# safest scroll saw?



## charvercarver (16 Mar 2013)

Hello, 

I was wondering if anyone could advise me which scroll saw is the easiest/safest/quietest to use preferably with the least vibration. I'll be advising a charity that deals with head trauma on buying a scroll saw with a view to helping attenders to make relatively simple items. 

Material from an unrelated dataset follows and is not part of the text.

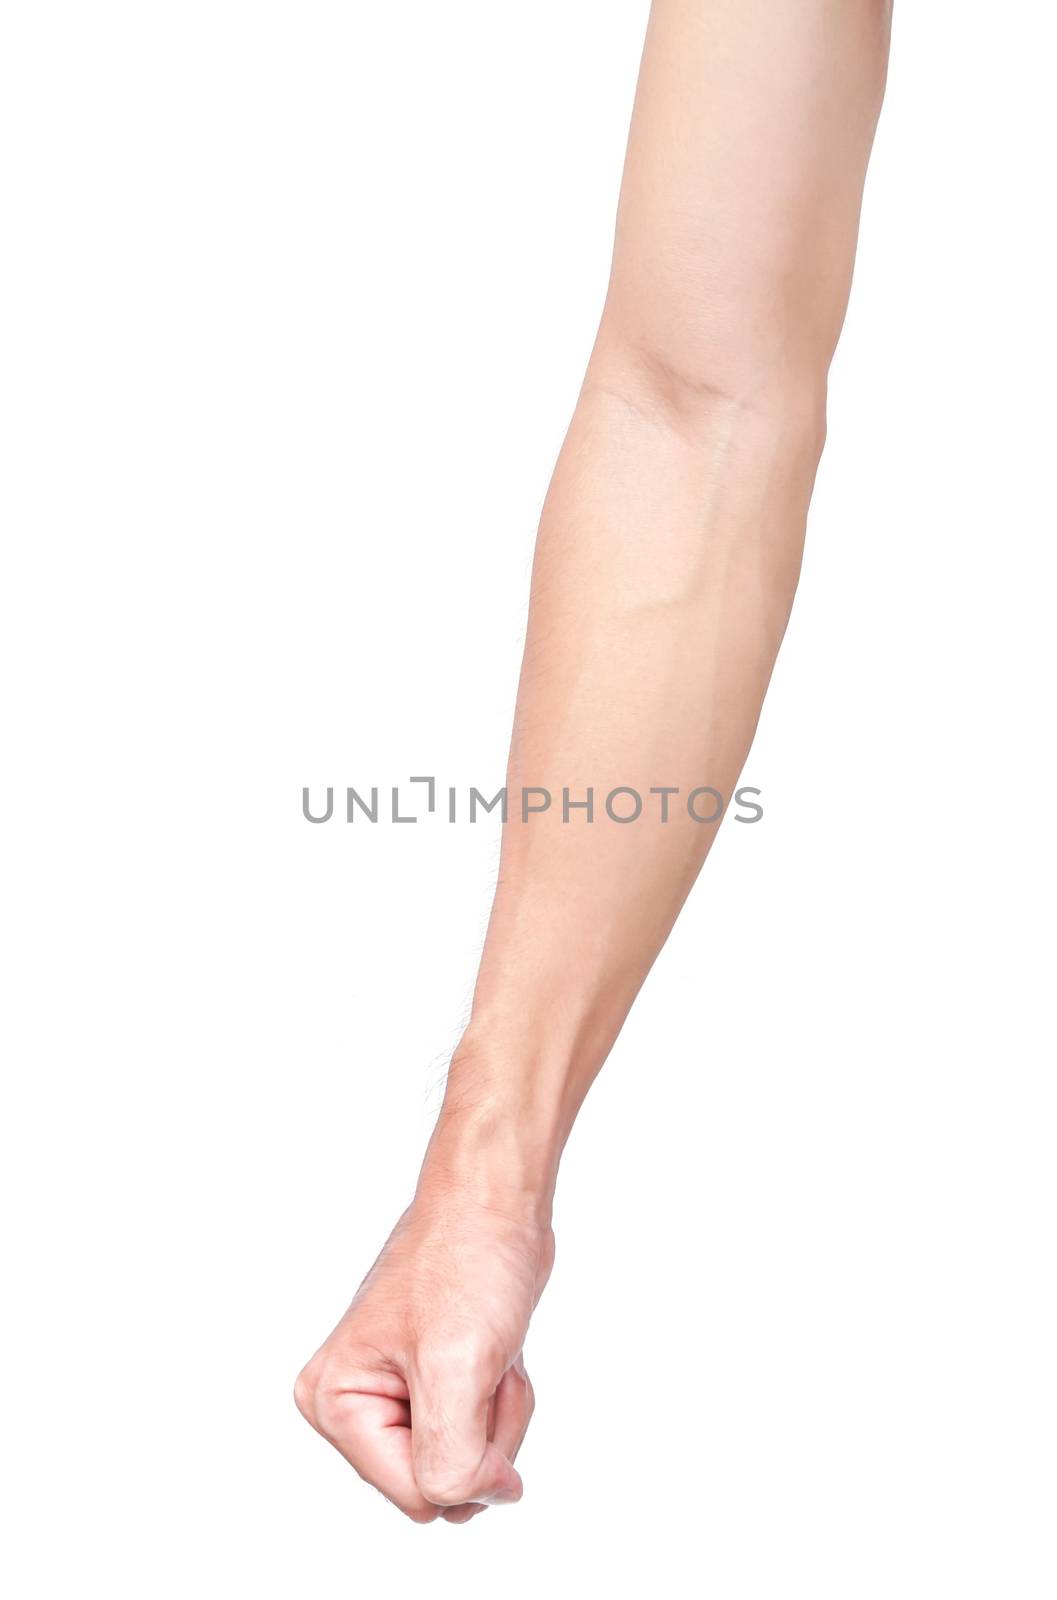 Man arm with blood veins on white background, health care and me by pt.pongsak@gmail.com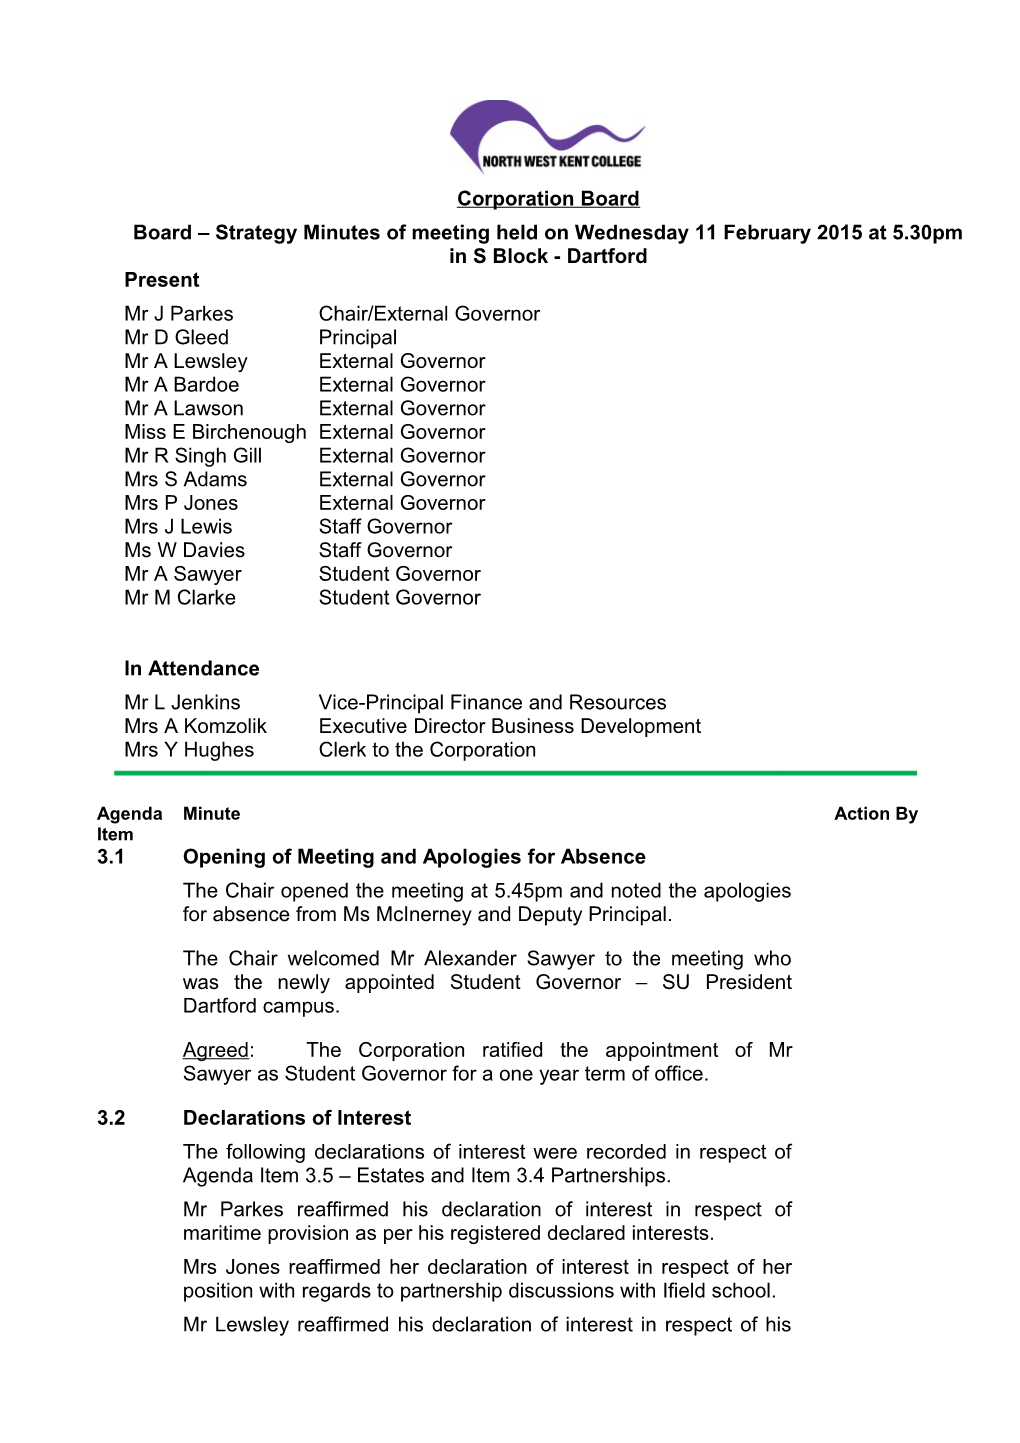 Board Strategy Minutes of Meeting Held on Wednesday 11 February 2015 at 5.30Pm

I use the axminster hengy clone, but it seems quite noisy sometimes. Budget isn't too much of an issue neither is capacity or power (though both would be nice). I'm not sure if/how it applies but wheelchair friendliness would also be good.

Cheers,

Jon


----------



## Chippygeoff (17 Mar 2013)

Hi Jon. I would personally go for a Hegner, the one with variabl;e speed and a cast iron table. The variable speed can be used to cut a variety of timbers from thin plywood for ornaments and fret work to thick hardwood for plaques and name sings etc. The cast iron table will help absorb any vibration if any. It is probably the quietest saw available and certainly the best there is. Blade changing is quick and easy and with proper care will last a lifetime.


----------



## Gill (18 Mar 2013)

I introduced a Spiralux saw to the Edgbaston Headway House day centre for people with head injuries and it was a great success. The men there really loved it because so many of the activities for people with head injuries were geared more towards females. At last, the fellas could do some woodwork! I elected to use a Spiralux because of two reasons. Firstly, it's inexpensive. Secondly, the users are extremely unlikely to do themselves any harm with it because of its electro-magnetic nature. The blade will not cut flesh. Although these types of saws vibrate dreadfully and struggle to cut material of any significant thickness, those considerations are significantly out-weighed by the fact that the operator and his/her family knows that there is no safer way to cut wood. Place yourself in the position of a parent whose son has survived a major car crash only to be handicapped by a debilitating head injury. Your first consideration would be to protect your child. A conventional mechanical fretsaw will harm any operator who sustains a fit or muscular jactitation while using it, but an electro-magnetic saw will not.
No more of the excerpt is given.